**Brief**
Leave out every picture and set down, exactly, the lines below from the one holding "Yquem 1997 1er" up to and including the one holding "2015年黑龙江医疗卫生事业单位招聘综合基础知识考试题".

**Material provided**

■ ■ ■ ■

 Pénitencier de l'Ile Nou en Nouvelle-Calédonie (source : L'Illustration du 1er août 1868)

■ ■ ■ ■

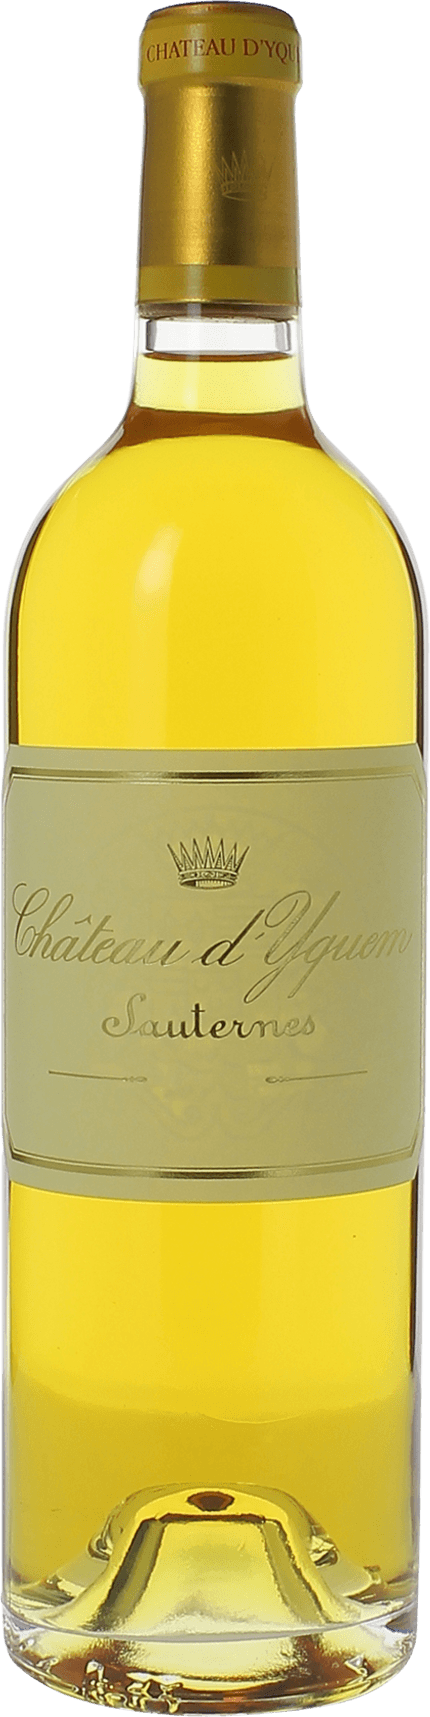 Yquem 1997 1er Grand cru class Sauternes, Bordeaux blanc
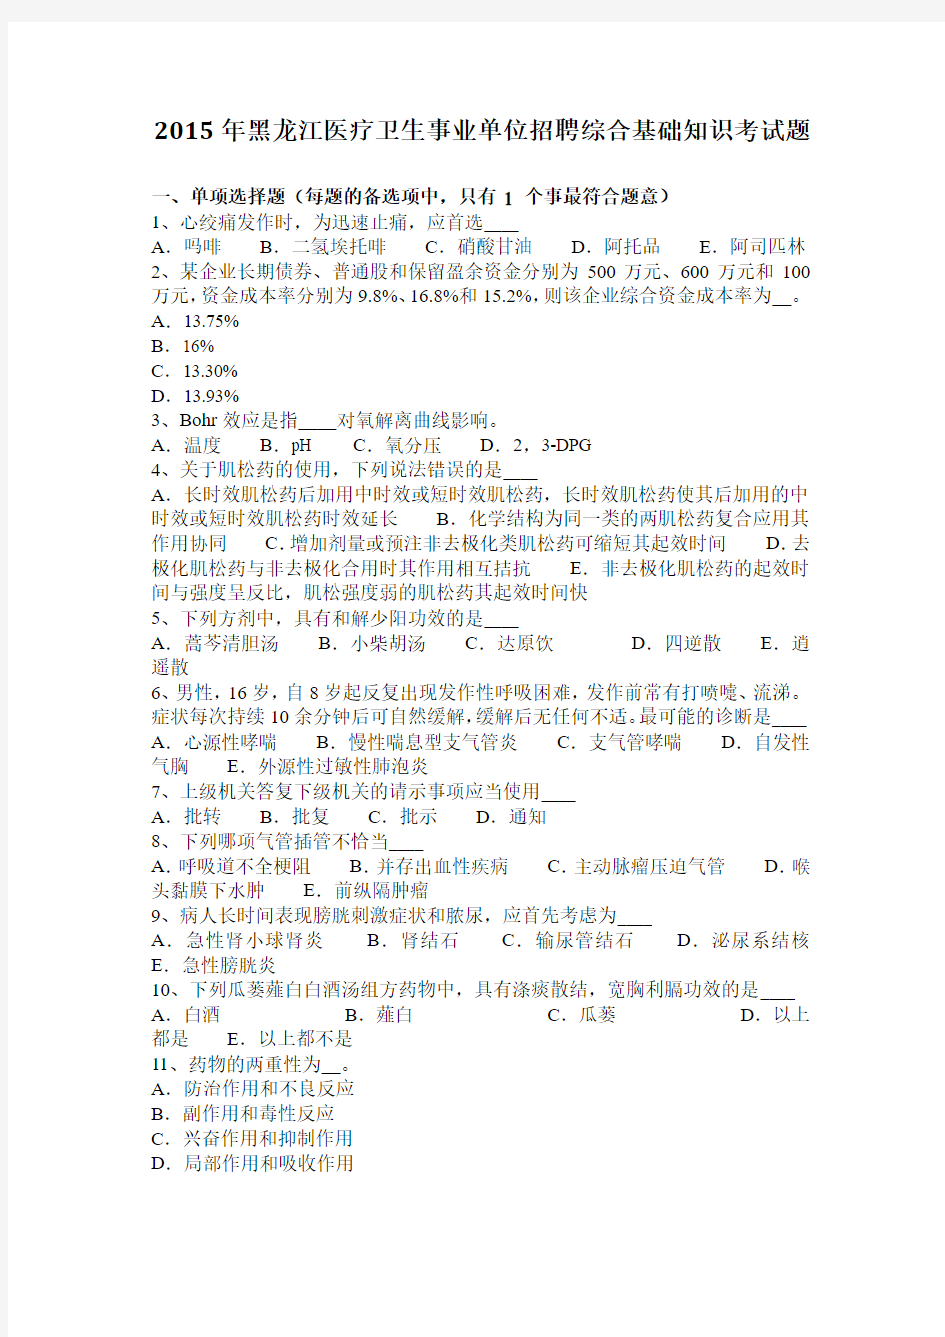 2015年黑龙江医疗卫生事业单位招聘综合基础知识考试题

■ ■ ■ ■

**Solution to the problem**
 Yquem 1997 1er Grand cru class Sauternes, Bordeaux blanc
 2015年黑龙江医疗卫生事业单位招聘综合基础知识考试题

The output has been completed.